If I understand correctly, this error is caused by the fact that the CuaevComputer is added as a new custom class to Pytorch, which the Libtorch installation doesn't know about, and so it throws the error when de-serialising. \ So work around this, for now I'm forcing CUAEV off when saving the model (by setting has_cuaev = False in torchani.aev), which is not ideal because I'm missing out on the performance boost it brings. I would appreciate if you could point out to me where I'm doing something wrong or how to tell my Libtorch installation about the CUAEV class. Also, for the TorchScript-compiled model to be completely portable, adding a custom class to PyTorch should probably be avoided altogether.

I'm using TorchANI v2.2.4, Pytorch 2.1.2 (I had trouble getting things to work with 2.2.2/nightly), Libtorch 2.1.1, CUDA 11.8. (Libtorch 2.1.2 + CUDA 12.1 results in a CUBLAS_STATUS_NOT_INITIALIZED error when running backprop through the model, seems to be a bug in torch.)
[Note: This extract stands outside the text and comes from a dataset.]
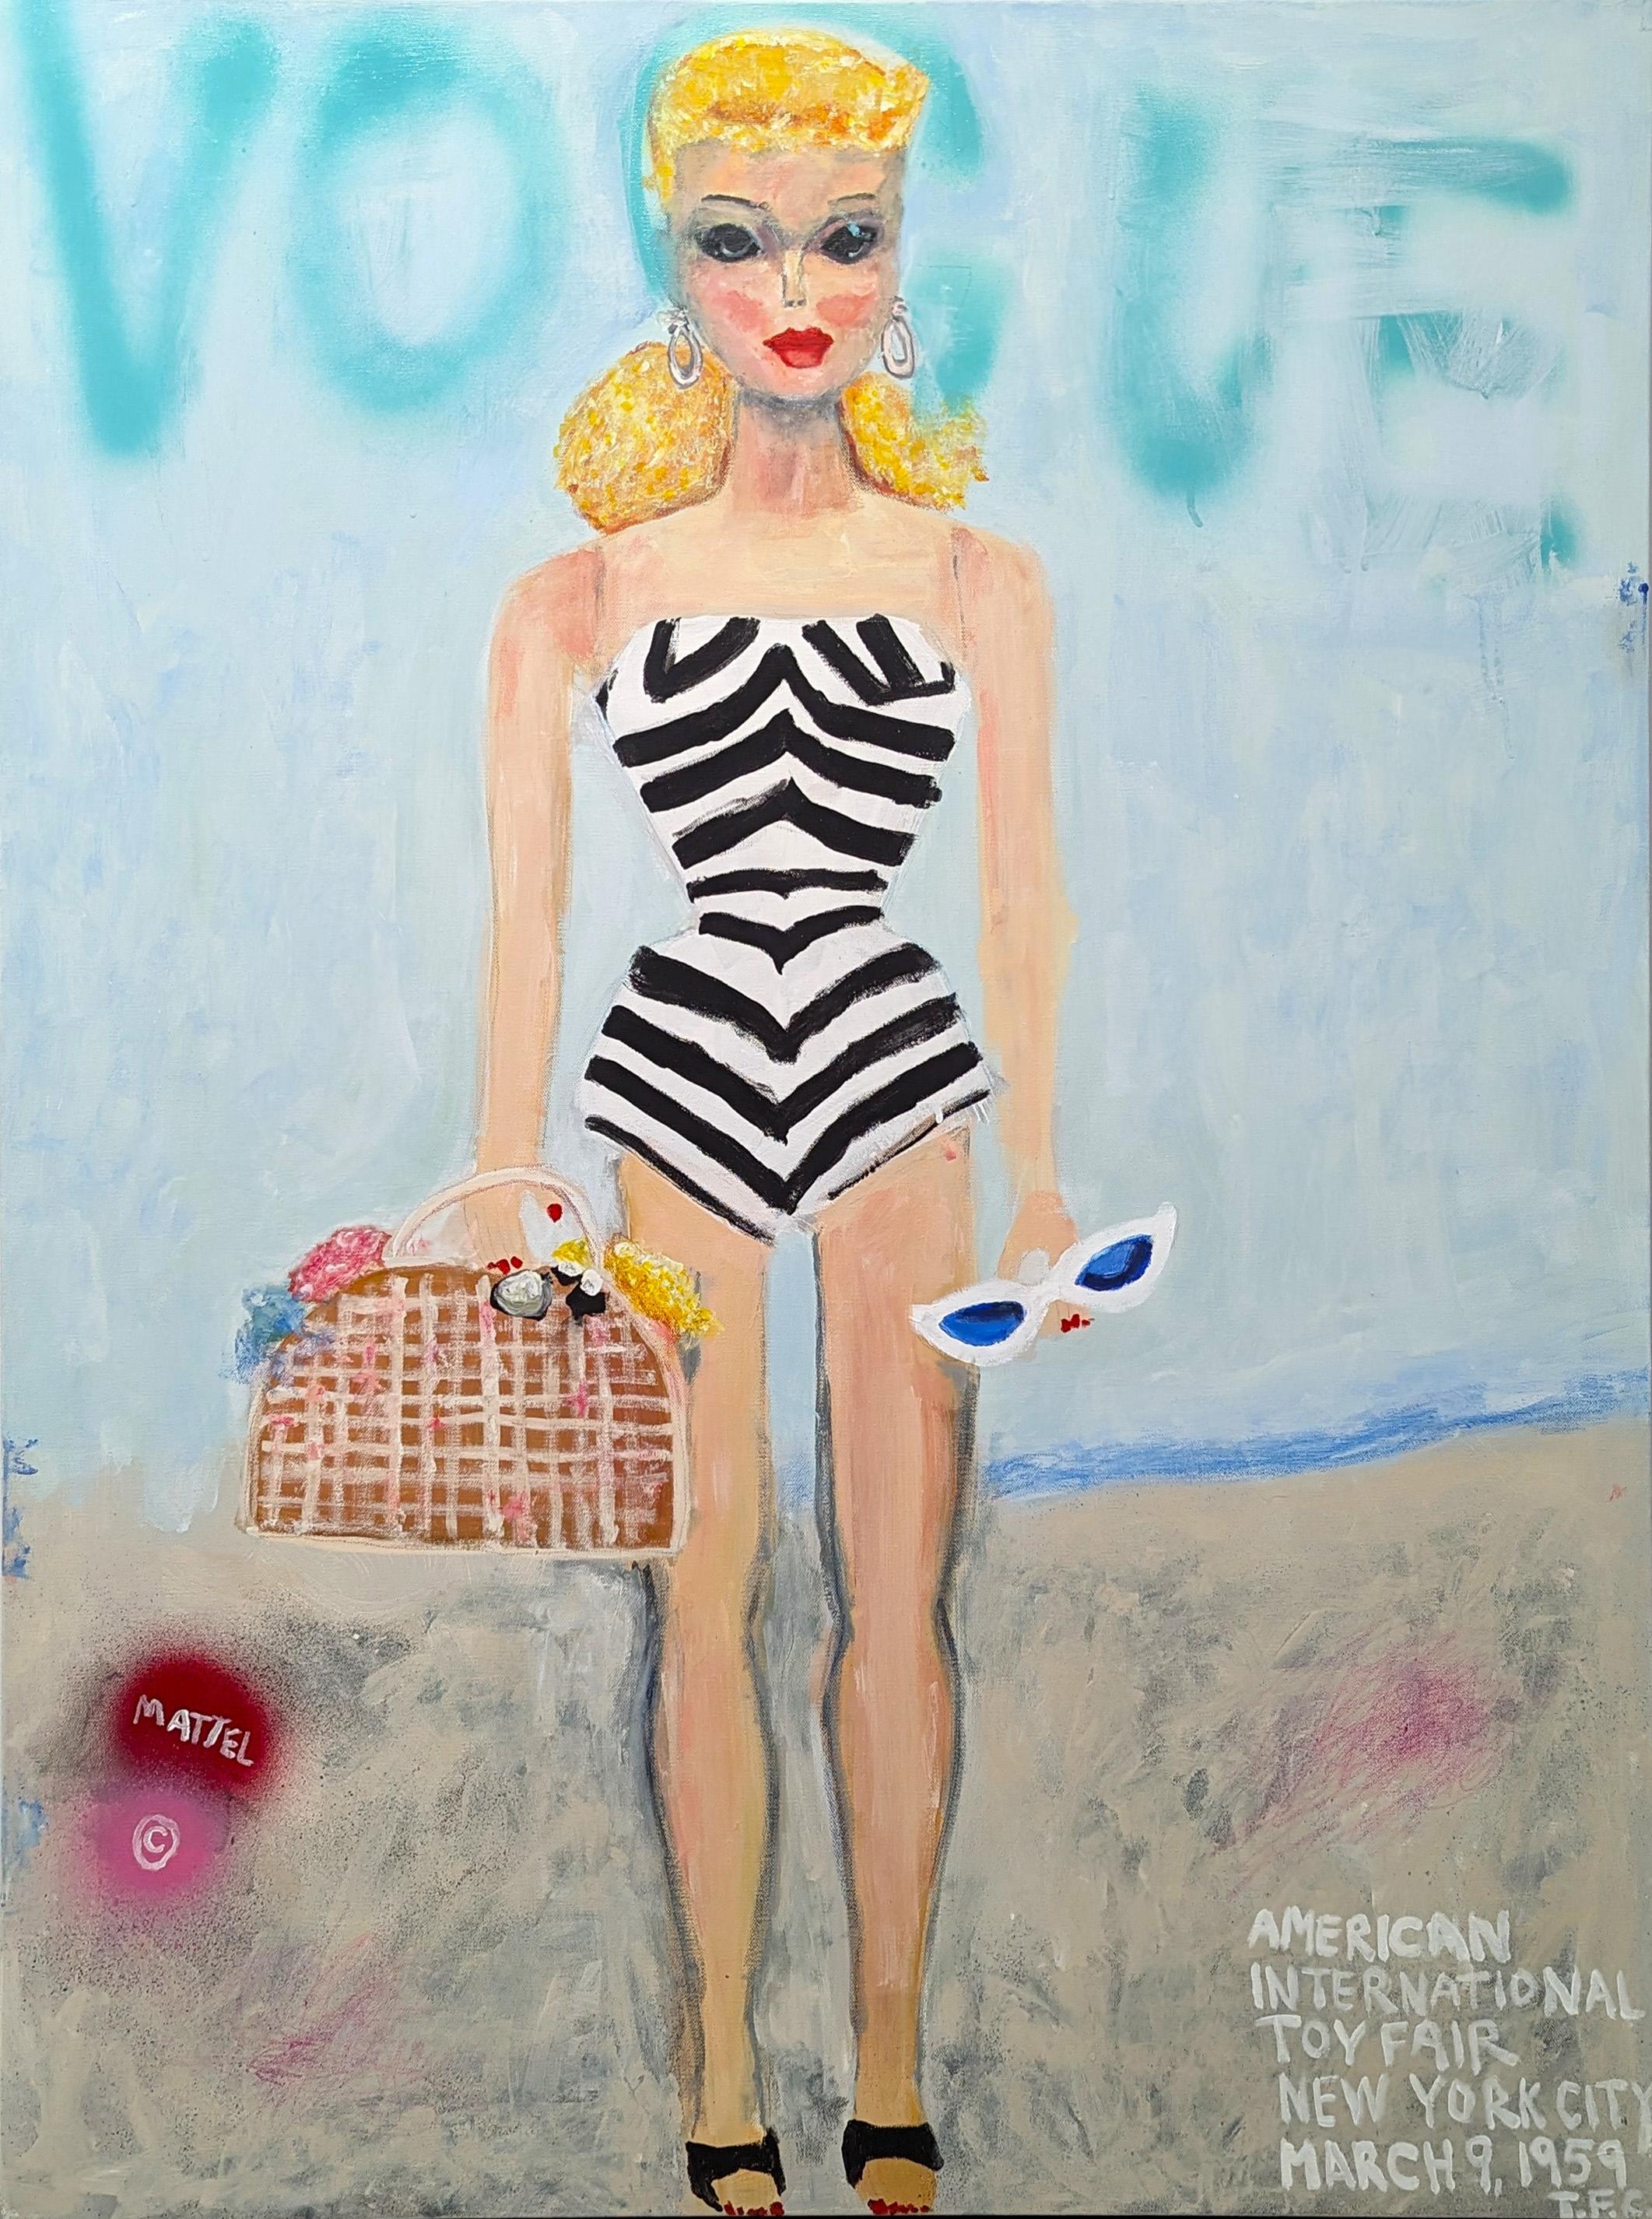 Tyler Casey Abstract Painting - "Barbie" Contemporary Abstract Pop Art Vintage Toy Painting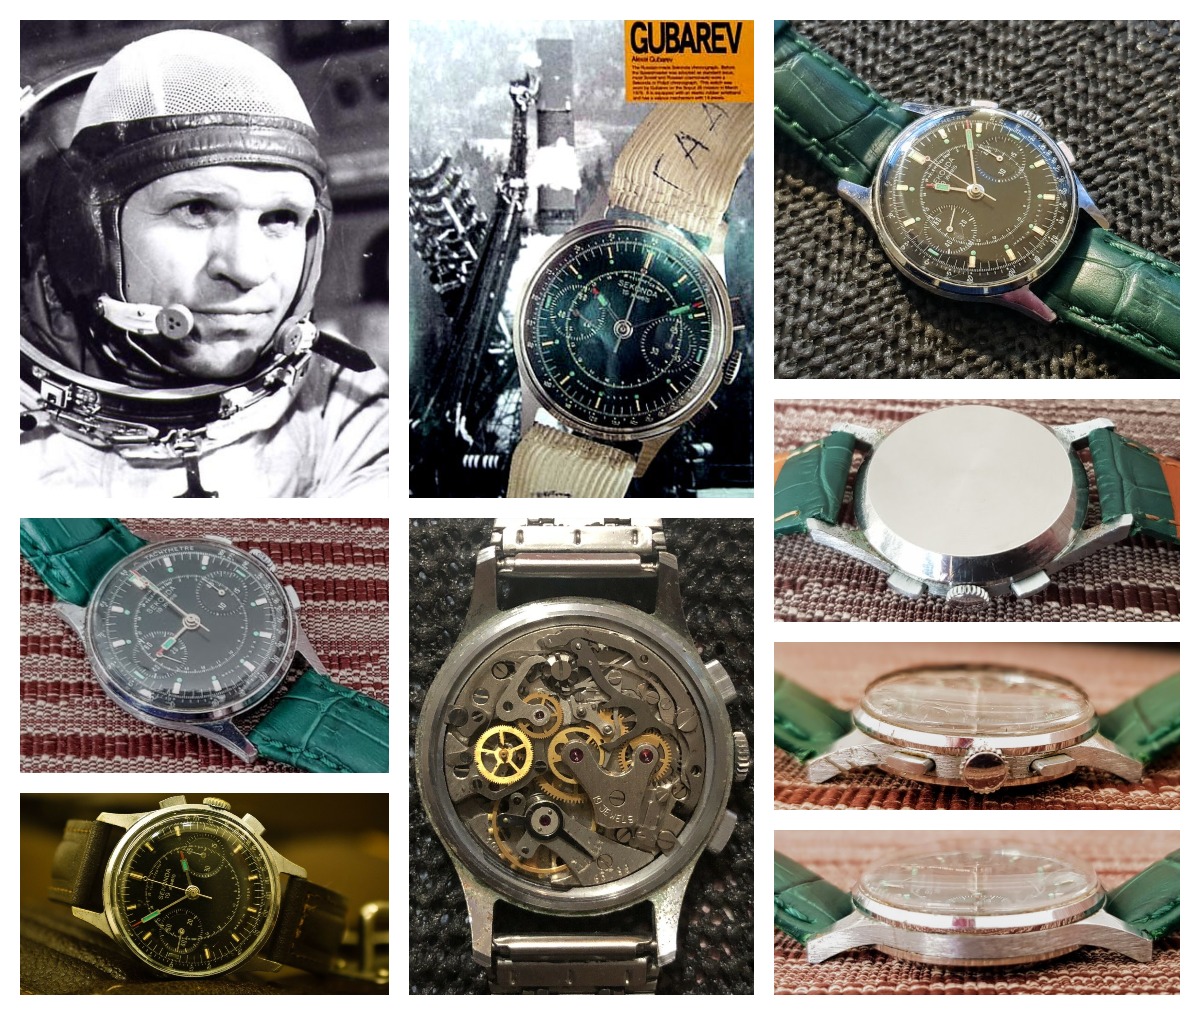 Gubarev wore a black Strela - branded Sekonda - Chronograph watch with the Poljot 3017 hand-wound movement during the Soyuz-28 mission. A great Omega Speedmaster alternative that is getting rare, but can still be found on eBay.

lmuellender commented 1 month ago

After having another look at how to extend pytorch with custom operators, I fixed this issue by compiling the cuaev class into a shared library file and linking to it in the cmake project.

yueyericardo commented 1 month ago

Hi Lukas, sorry for the late reply. Thanks for integrating TorchANI into GROMACS. Congrats for fixing the cuaev compilation issue. Here is another example to build cuaev with other libraries (though it might be late): https://github.com/yueyericardo/cuaev_cpp

lmuellender commented 1 month ago

Hi Jinze, thank you for the reference! Its very helpful still.